И скатывается в слезы по желтизне, потому что нашла меня постаревшим, на лезвии меча, в устье лица. Она оплакивает и жалеет меня. Ну зачем ей моя молодость, если я всегда буду ее сыном? Почему так страдают матери, обнаружив, что их дети постарели, ведь детям никогда за ними не угнаться? И зачем – ведь дети, чем старше, тем ближе к своим родителям? Мать плачет, потому что я состарился в своем времени и никогда не состарюсь в мамином!

Мое прощание отчалило от дальних окраин ее существа, а вернулся я к самой основе. По вине столько долгой разлуки не сын стоит перед матерью, а мужчина. Эта невинность горит в нас тремя свечами. И я говорю и говорю, пока не смолкаю:

– Есть, мама, такое место в мире, которое называется Париж. Огромное и далекое, и еще раз огромное.
Не отрываясь от рассказа, жена моего отца ест, и ее смертный взгляд ласкает мне руки.

 

Все умерли

Умерла хриплоголосая донья Антонья, что пекла в предместье дешевый хлеб.
Умер священник Сантьяго, который таял, когда с ним здоровались парни и девушки – и всем одинаково отвечал: «День добрый, Мария! День добрый, Хосе!»
Умерла светловолосая Карлота, оставив новорожденного ребенка – тот умер неделю спустя.
Умерла моя тетя Альбина, которая, пока шила и вышивала, все раздумывала, что оставить служанке Исидоре, честнейшей из женщин.
Умер одноглазый старик, не помню как звали, который сидя спал, греясь под утренним солнышком, на углу, где будка жестянщика.
Умерла Молния, собака огромная, от чьей-то пули шальной.
Умер Лукас, мой кум в ремнях без кобуры, которого я вспоминаю в дождливые дни, когда никого нет со мной.
Умерла в моем револьвере мать, в моем кулаке сестра, и в нутре моем окровавленном – брат, словно в печальной пьесе, все в августе, за три года подряд.
Умер высокий и вечно пьяный Мендес-музыкант, что наигрывал на кларнете токкаты печальные – под них еще курицы засыпали задолго до темноты.

Умерла моя вечность, и я отпеваю ее.

Бессильный ее ликер...

Мы уже как-никак выросли, когда отец распорядился отправить нас в школу. Пастырь любви, дождливым февральским вечером мама готовила на кухне молитвенный ужин. Внизу на веранде сидели за столом отец и старшие братья. Мать подсела прямо к семейному очагу. Постучались в дверь.

– К нам стучат! – это мать.
– К нам стучат! – это моя мать.
– К нам стучат! – это сказала моя мать, затронув бесконечные струны своей души, во весь рост перед пришедшим.
– Натива, дочка, сходи посмотри, кто идет.
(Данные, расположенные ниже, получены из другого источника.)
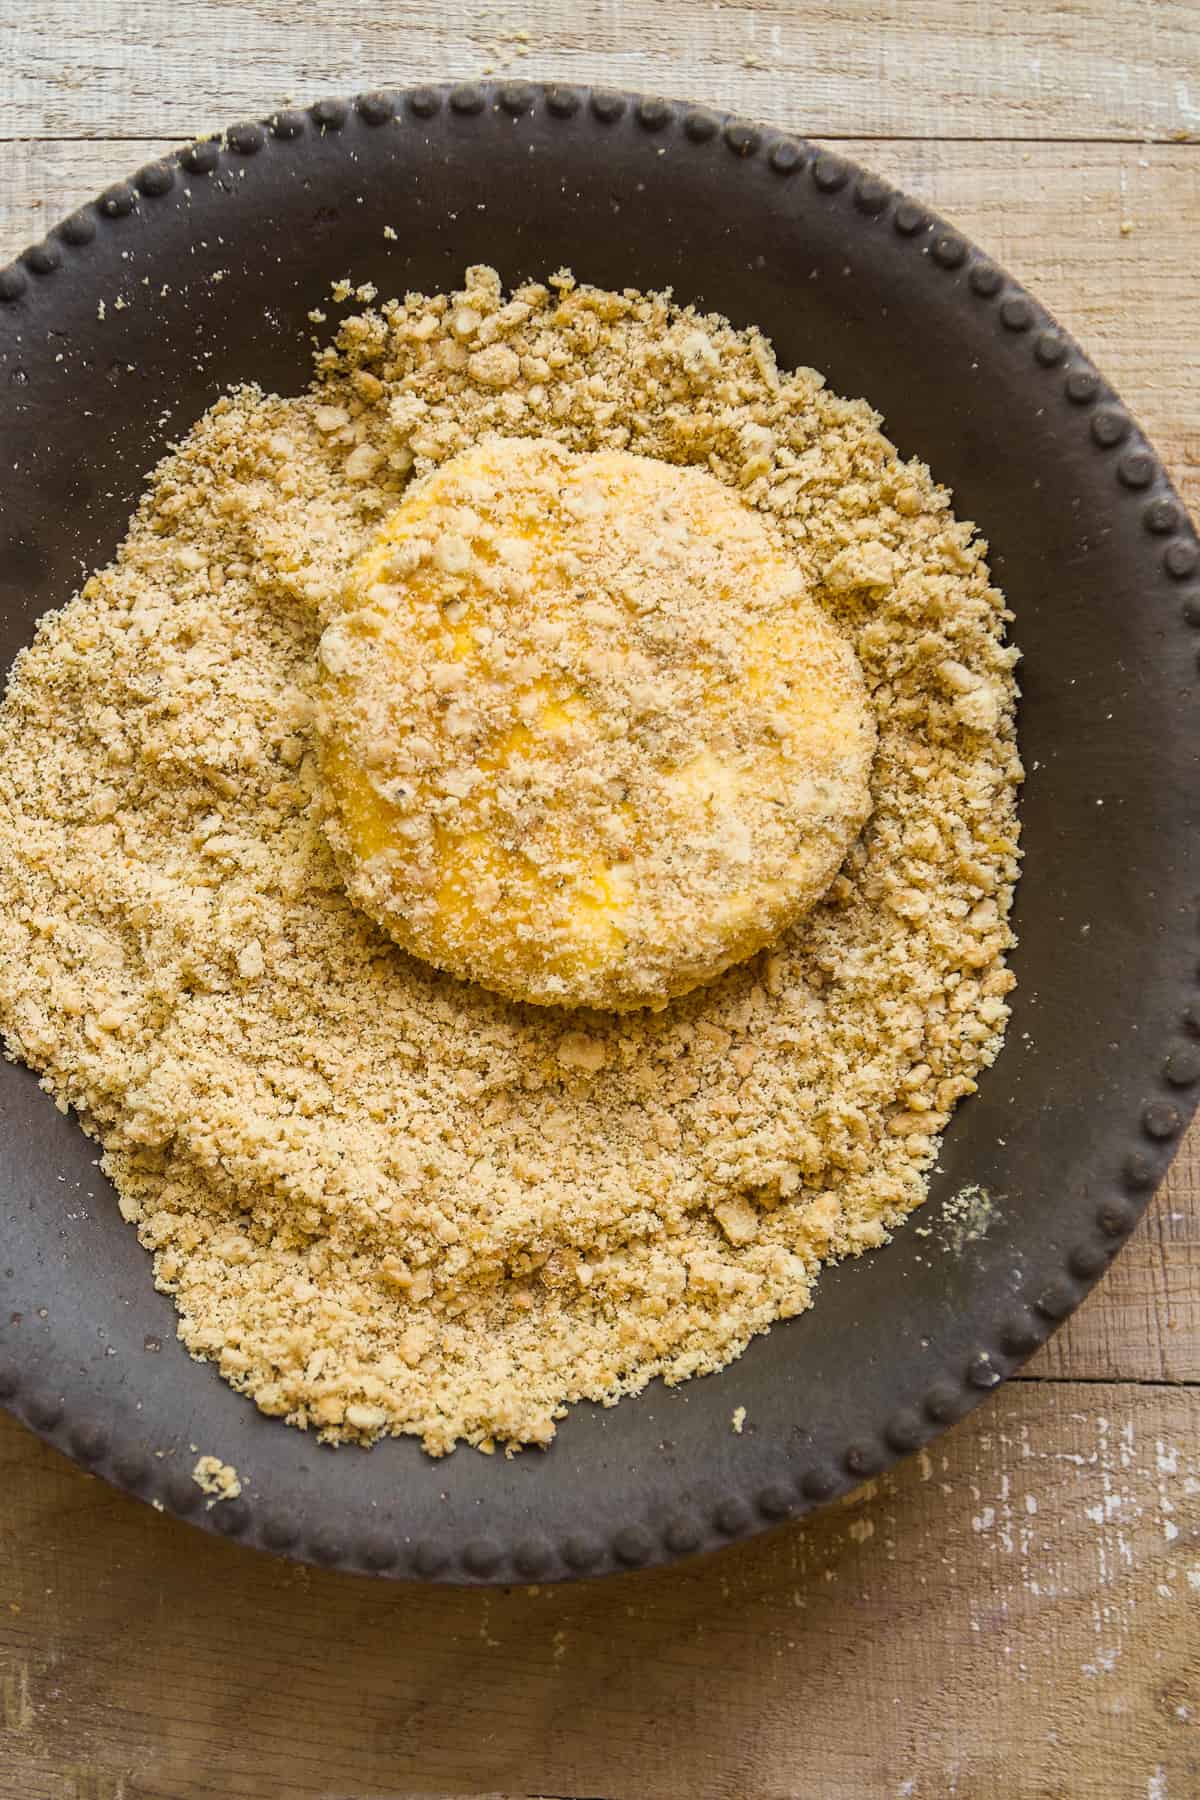 Goat cheese patty covered in crushed crackers.
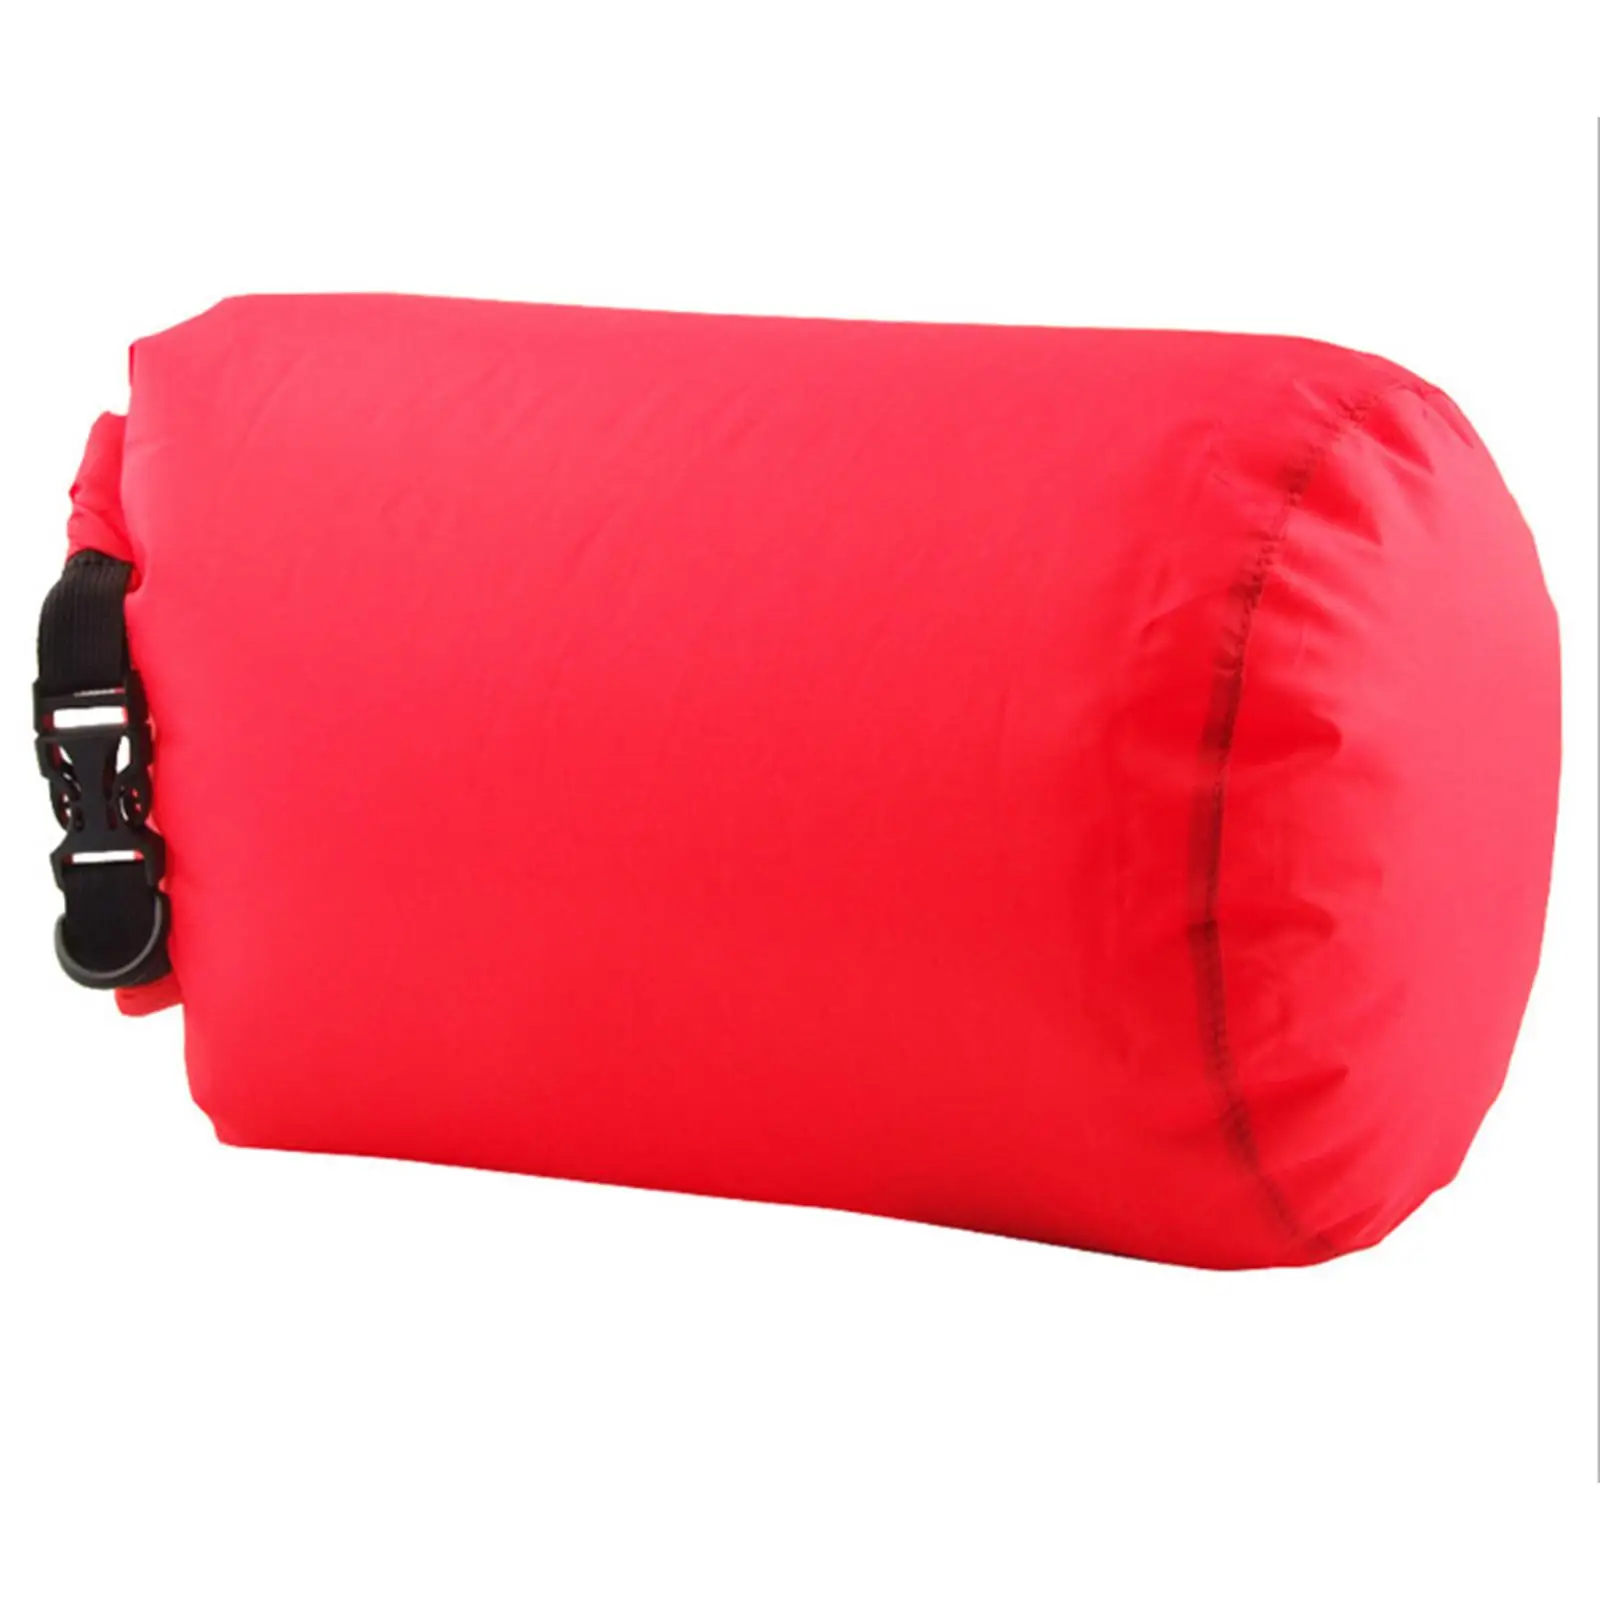 5Pcs Dry Bag Set Waterproof Drying Sack Pouch Outdoor Storage Bag 1.5L /2.5L /3.5L /4.5L /6L for Kayaking Rafting Boating

И, не дождавшись материнского позволения, вовсе не она, Мигель вышел посмотреть, кто идет, оказавшись впереди всех, закрывая всех.

Жизнь с улицы охватила всю семью. Мама вышла задом наперед, будто бы произнеся слово части. Выскочила со двора. Натива рыдала от такого гостя, от такого двора и от маминой ладони. Тогда, когда боль и любовь застлали наш мозг.

– Почему я позволила ему выйти за дверь, – Натива, дочь, – Мигель сорвал мне мой выход. Наш выход.

Какая выучка подчиненных, выучка отцА, перебирающего тем временем косточки детям. А мог бы уступить нам счастье, которое мы пожелали бы потом. Однако:

– Завтра – в школу, – окончательно утвердил отец перед каждодневной паствой своих детей.
– Таков закон и суть закона. Такова жизнь.

Мать  едва ли всхлипнула, хотя мама, должно быть, рыдала. Уже никто не хотел есть. Хорошо знакомая мне изящная ложка, едва отец поднес ее ко рту, выпала и разбилась. В губах братьев застыла отрешенная сыновняя горечь.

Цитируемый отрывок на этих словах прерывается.